* [Task item]: Copy out exactly the lines spanning the line with "How can the" to the line with "Aluminum cans of soda, view from the top", inclusive, from the data underneath, with no pictures.

* [Data supplied]:
■ ■ ■ ■ ■

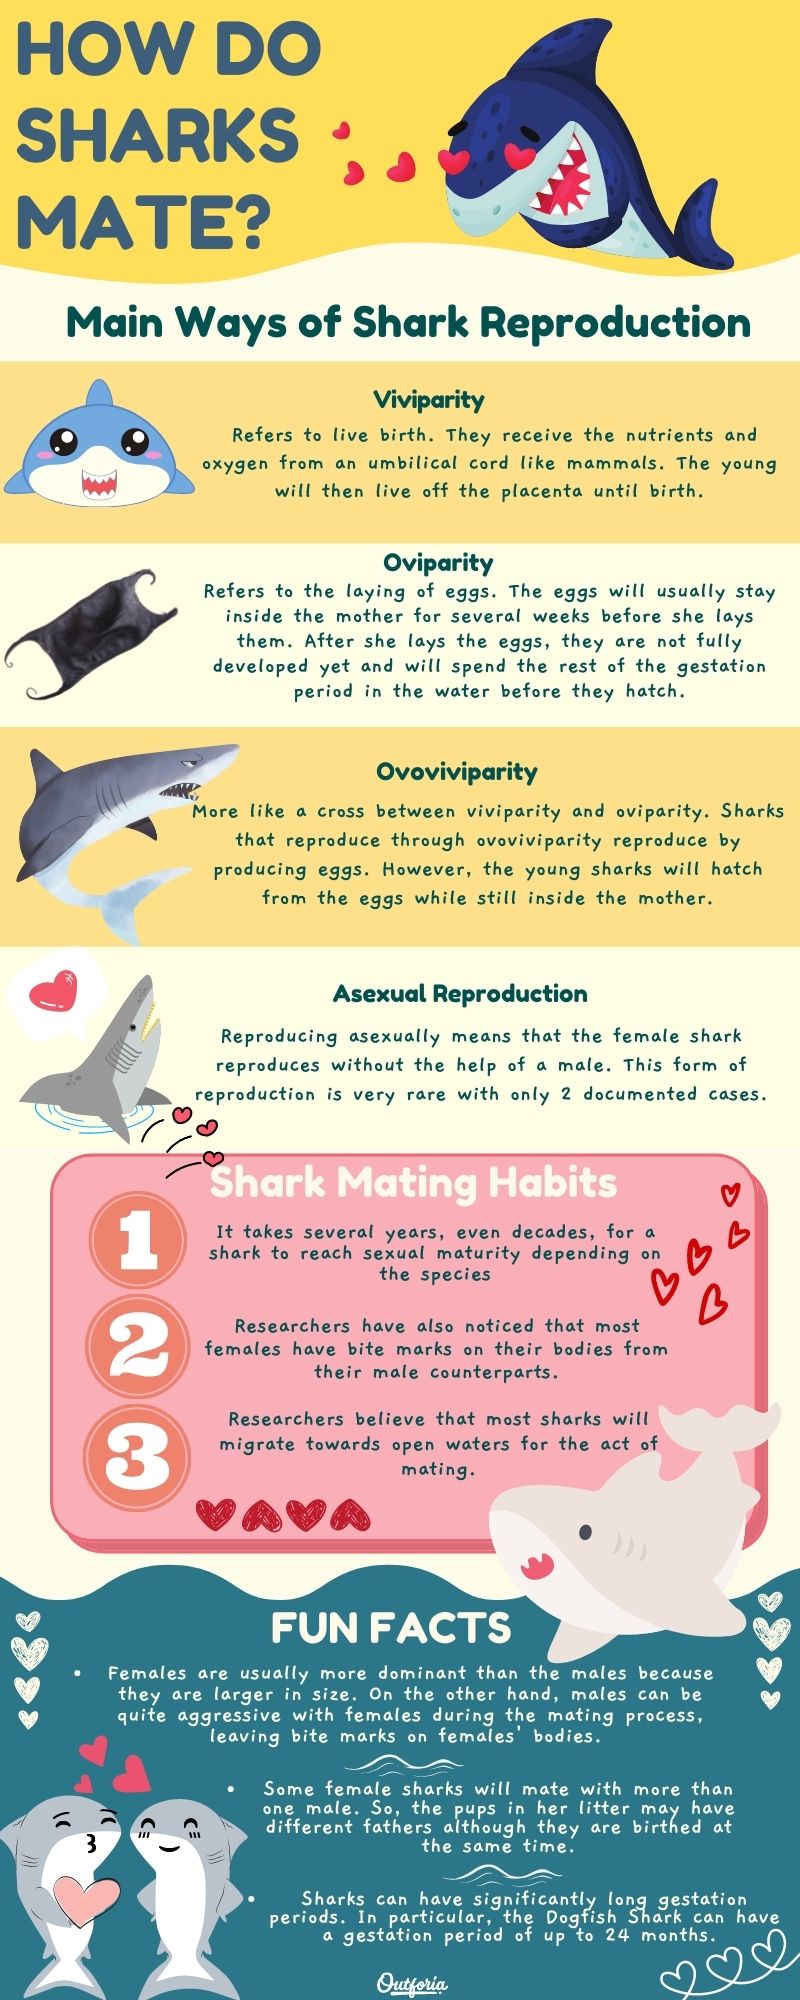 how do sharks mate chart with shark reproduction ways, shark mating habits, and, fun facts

■ ■ ■ ■ ■

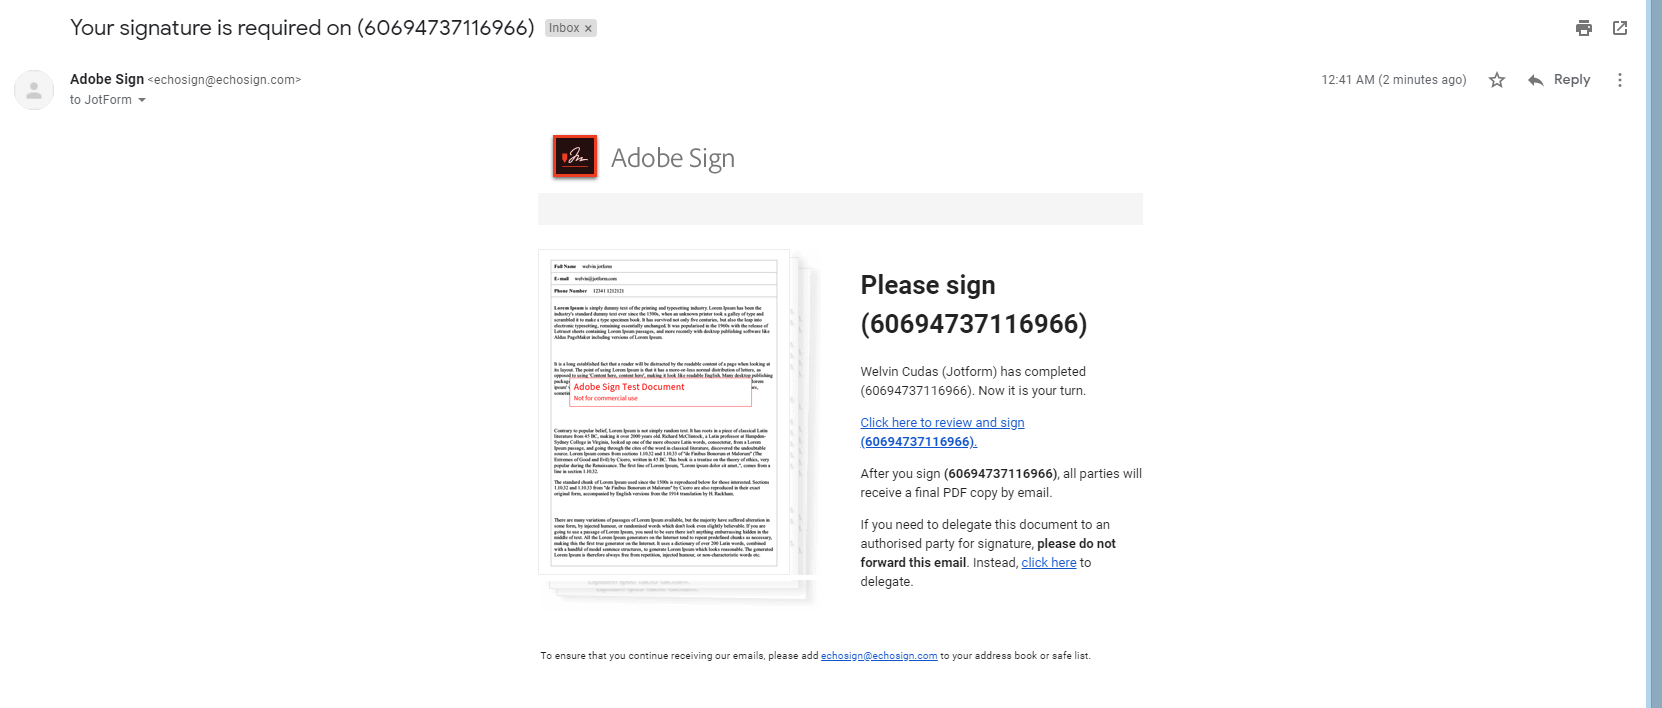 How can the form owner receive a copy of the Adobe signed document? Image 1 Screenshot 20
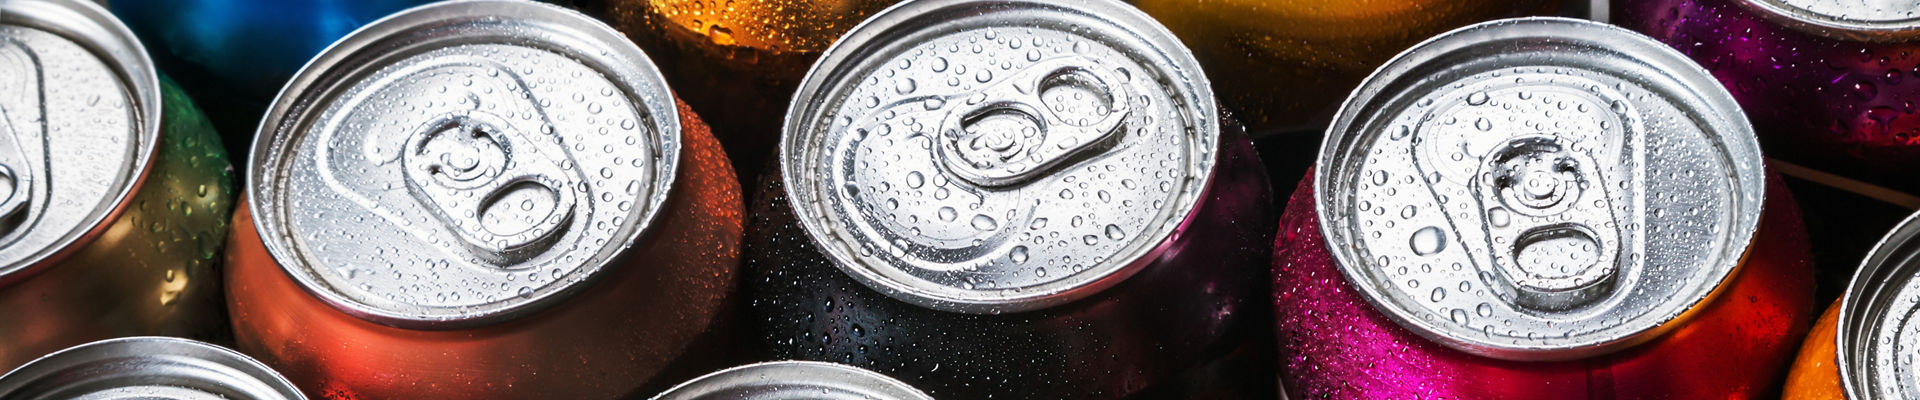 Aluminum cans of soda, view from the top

■ ■ ■ ■ ■

* [Result of this task]:
 How can the form owner receive a copy of the Adobe signed document? Image 1 Screenshot 20
 Aluminum cans of soda, view from the top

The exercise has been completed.